Hi, just wondering if anyone can help, i keep having to redo the buttons and knobs in the boiler room under the bed, I think there is an automatic cut out when the temperature drops and one of the button opens, the taps still run albeit half pressure and at the same time the water belts out underneath through a red and white hose, there is obviously three buttons to take into account also, the blue one thatruns in line with the pipe, the blue round one that pops out and the flat one that flicks up and down, if that makes any sense to anybody, any advice would be appreciated, also could the temperature be adjusted for cut out, i have a Burstner Nexxo T55 14plate, many thanks in advance, ps, i"m relatively new to this.


----------



## EJB (Aug 25, 2007)

Welcome to Facts.
I assume you haven't got a manual for the vehicle so it's worth downloading one from Burstner:-

https://www.buerstner.com/uk/company/user-manuals/

It's normal that the hot water heater is automatically dumped at about 5 degrees C . 
The manual may give you options to disable this.

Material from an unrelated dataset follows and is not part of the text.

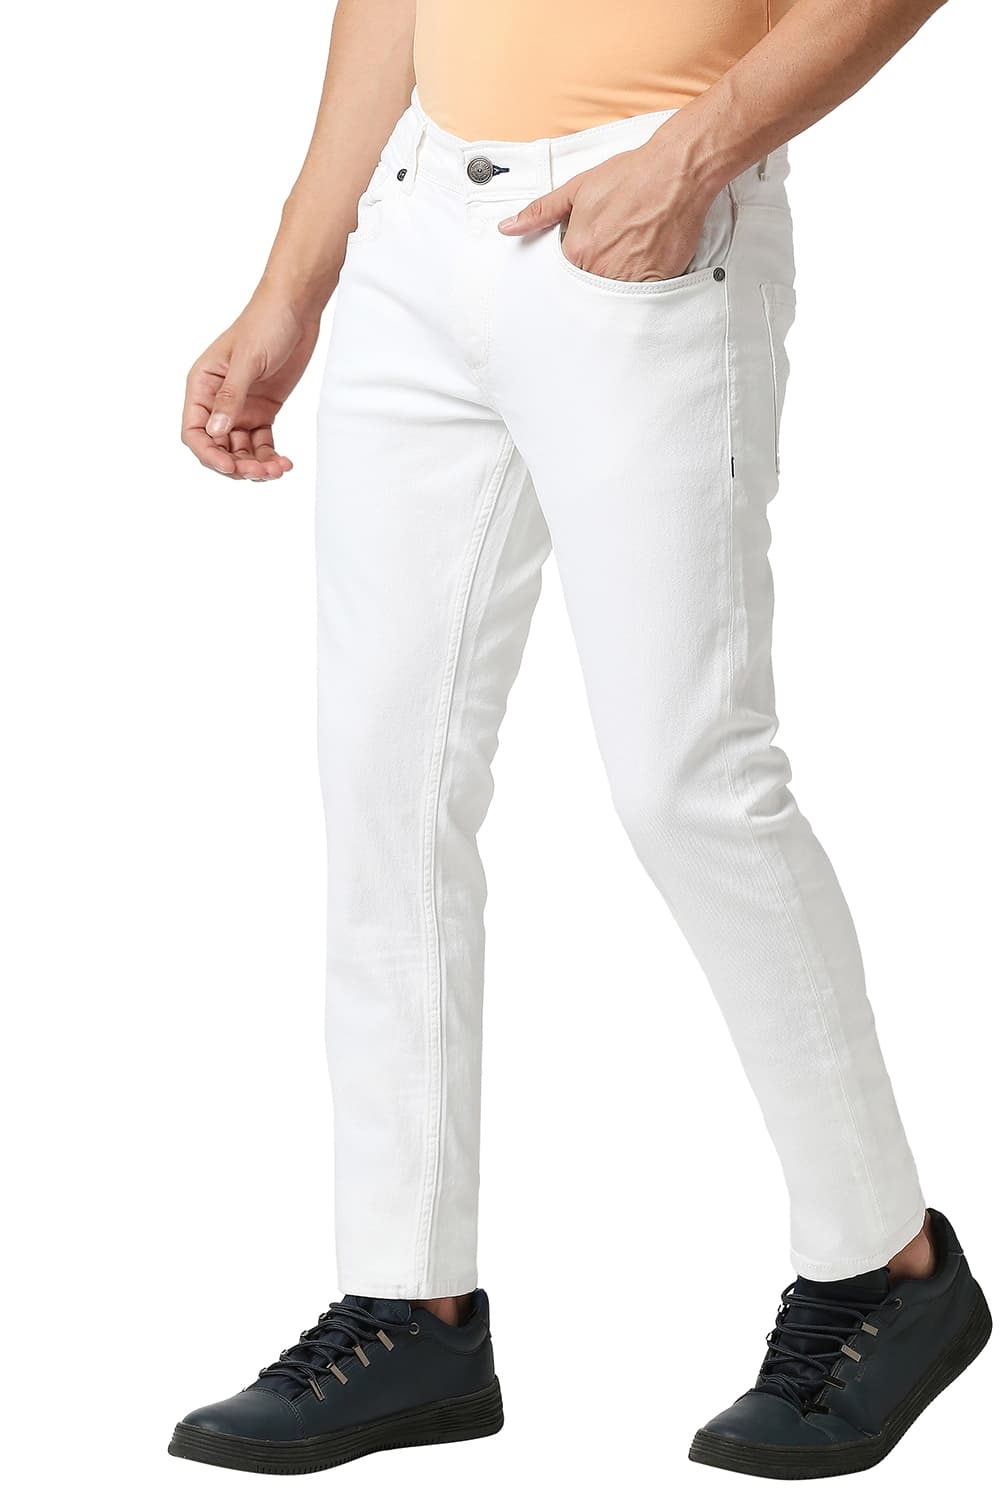 Basics | Men's White Cotton Blend Solid Jeans 3

Also the heater model fitted would help your question.:smile2:

The UK agents provide an excellent service:-
https://www.burstner.co.uk


----------



## Devonboy (Nov 19, 2009)

Sorry do not know the answer but welcome to the forum.


----------



## jiwawa (Jun 22, 2007)

Welcome John.

If you're still stuck, post a pic of the buttons. I've a different system on my new MH from the old one. 

Also, running the heating, on low, should keep your water onboard! 

I once filled up before an outing and arrived onsite with none!


----------



## johnwilkinson (Jan 6, 2019)

Thank you


----------